PROBLEM DETAILS »
Reproduce the whole listing below without its pictures, exactly as written.

THE DATA »
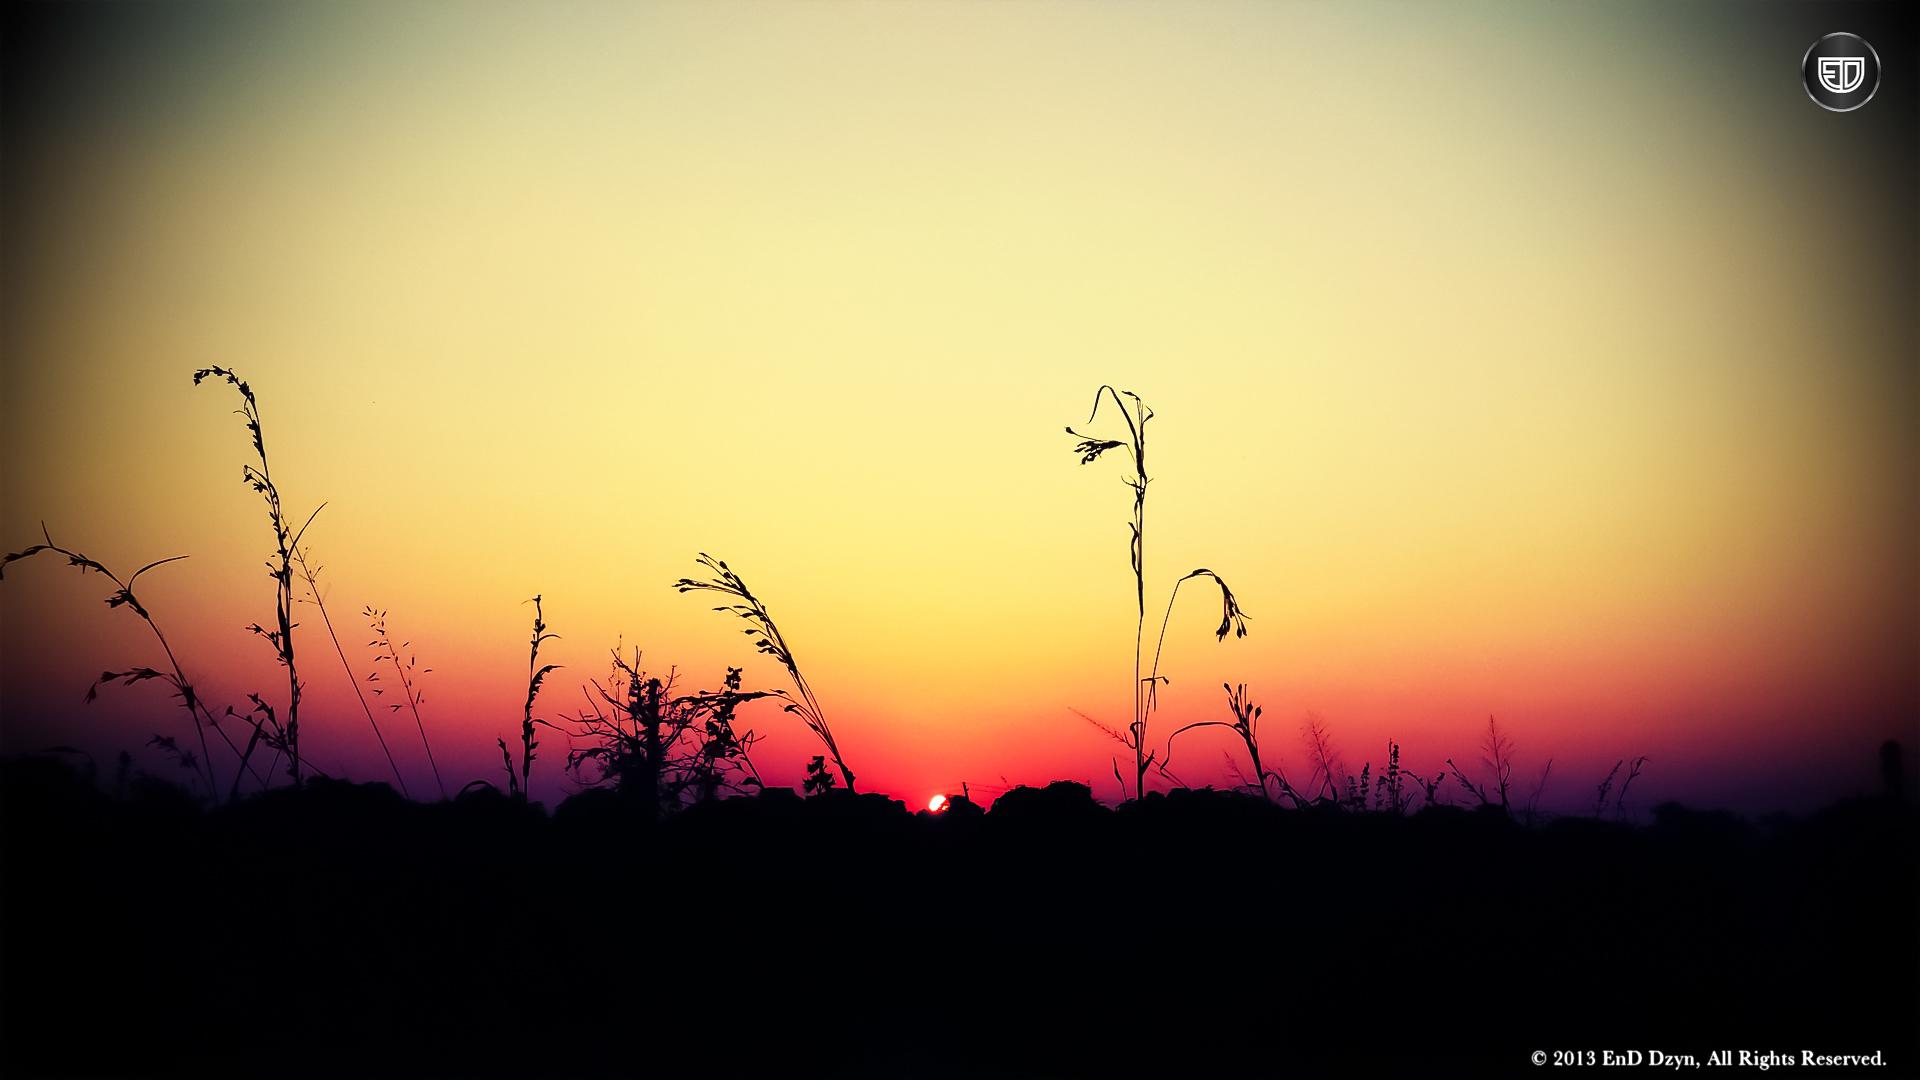 Lomography HD Wallpaper Background – Beautiful Vivid Sunset
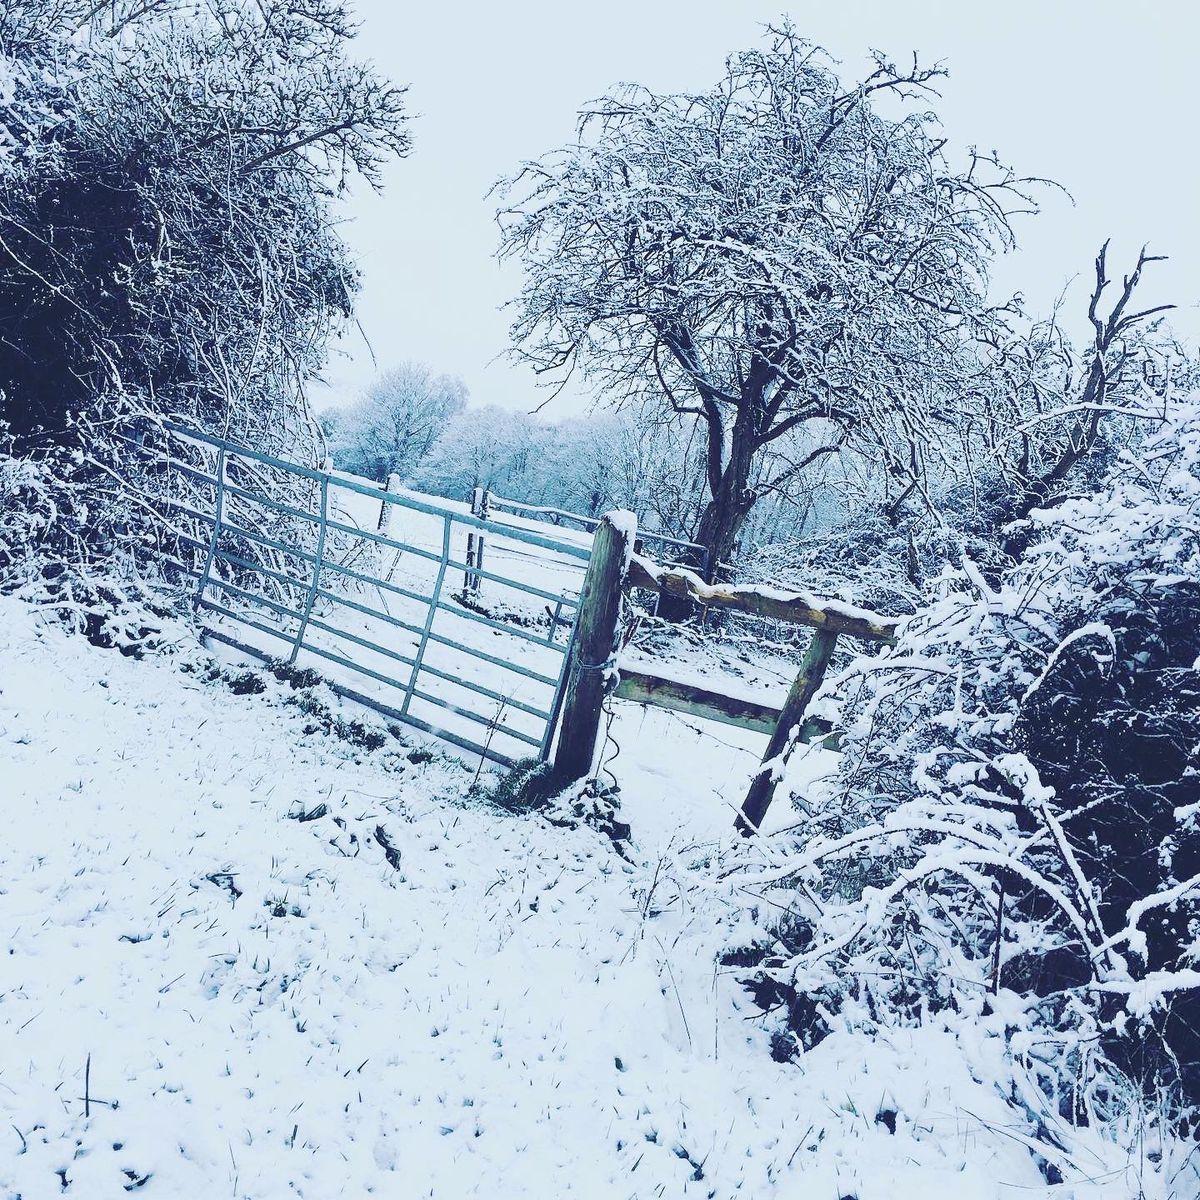 Snow in Shareshill and Little Saredon taken by Karen Hilditch
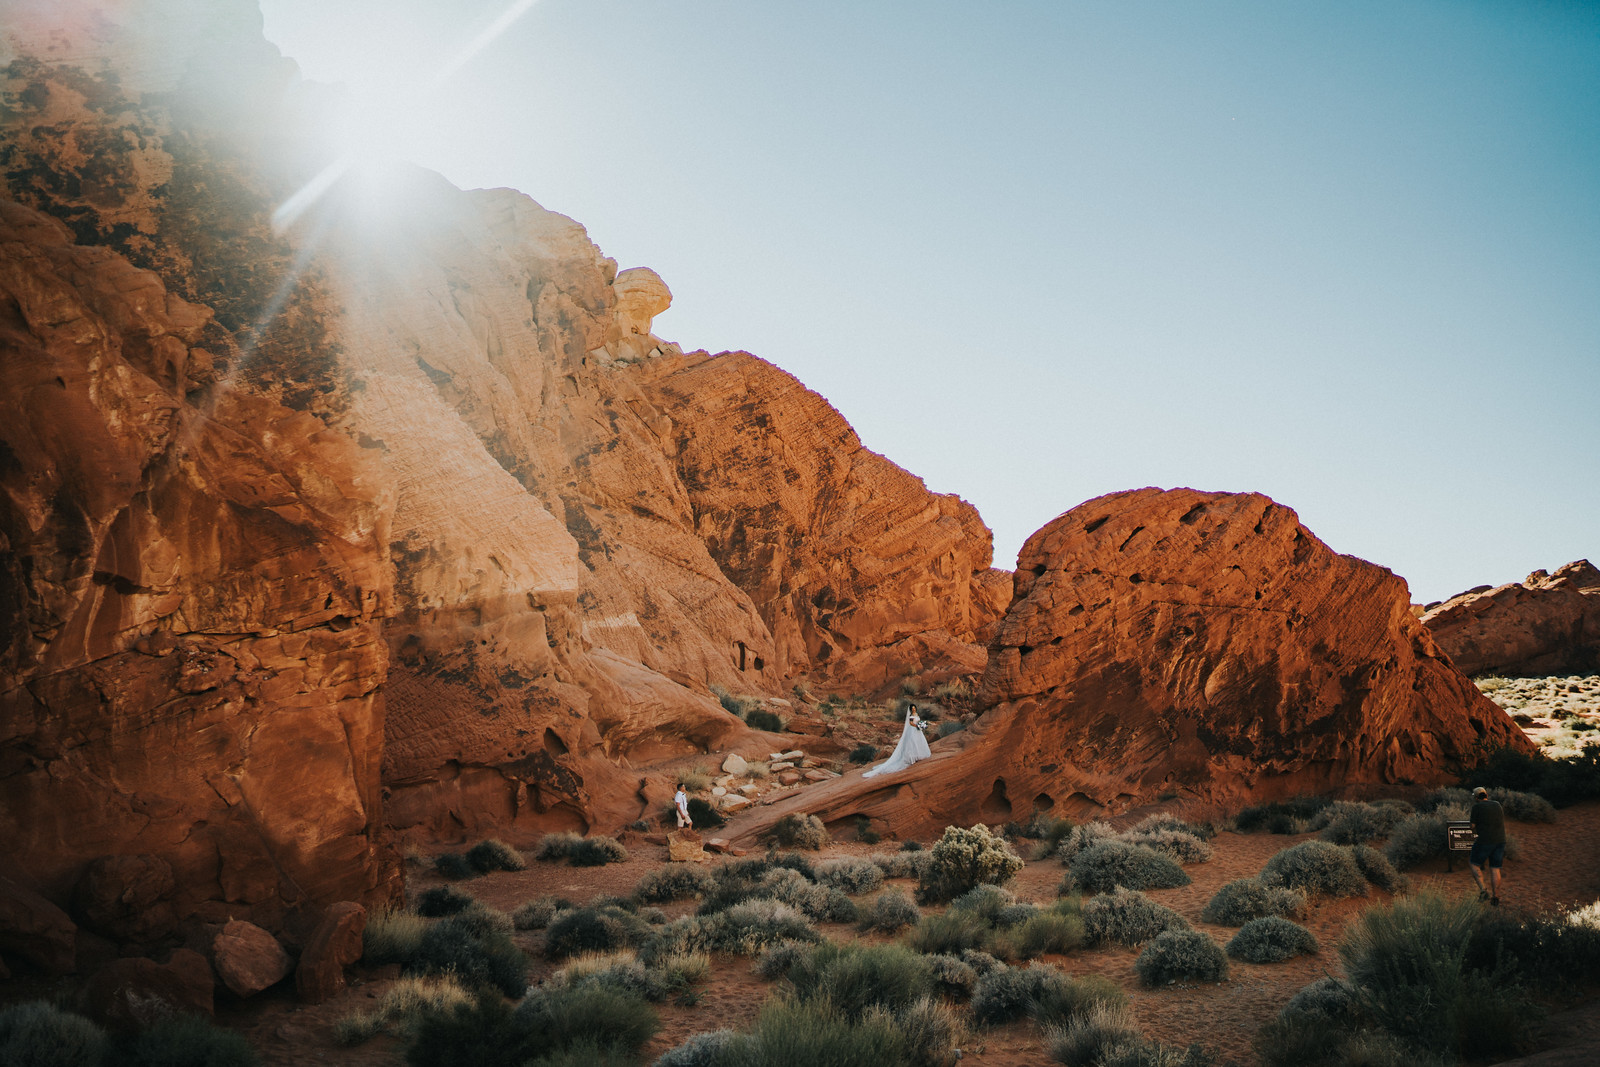 The couple walk around the mountain rock of their venue

TASK SOLUTION »
 Lomography HD Wallpaper Background – Beautiful Vivid Sunset
 Snow in Shareshill and Little Saredon taken by Karen Hilditch
 The couple walk around the mountain rock of their venue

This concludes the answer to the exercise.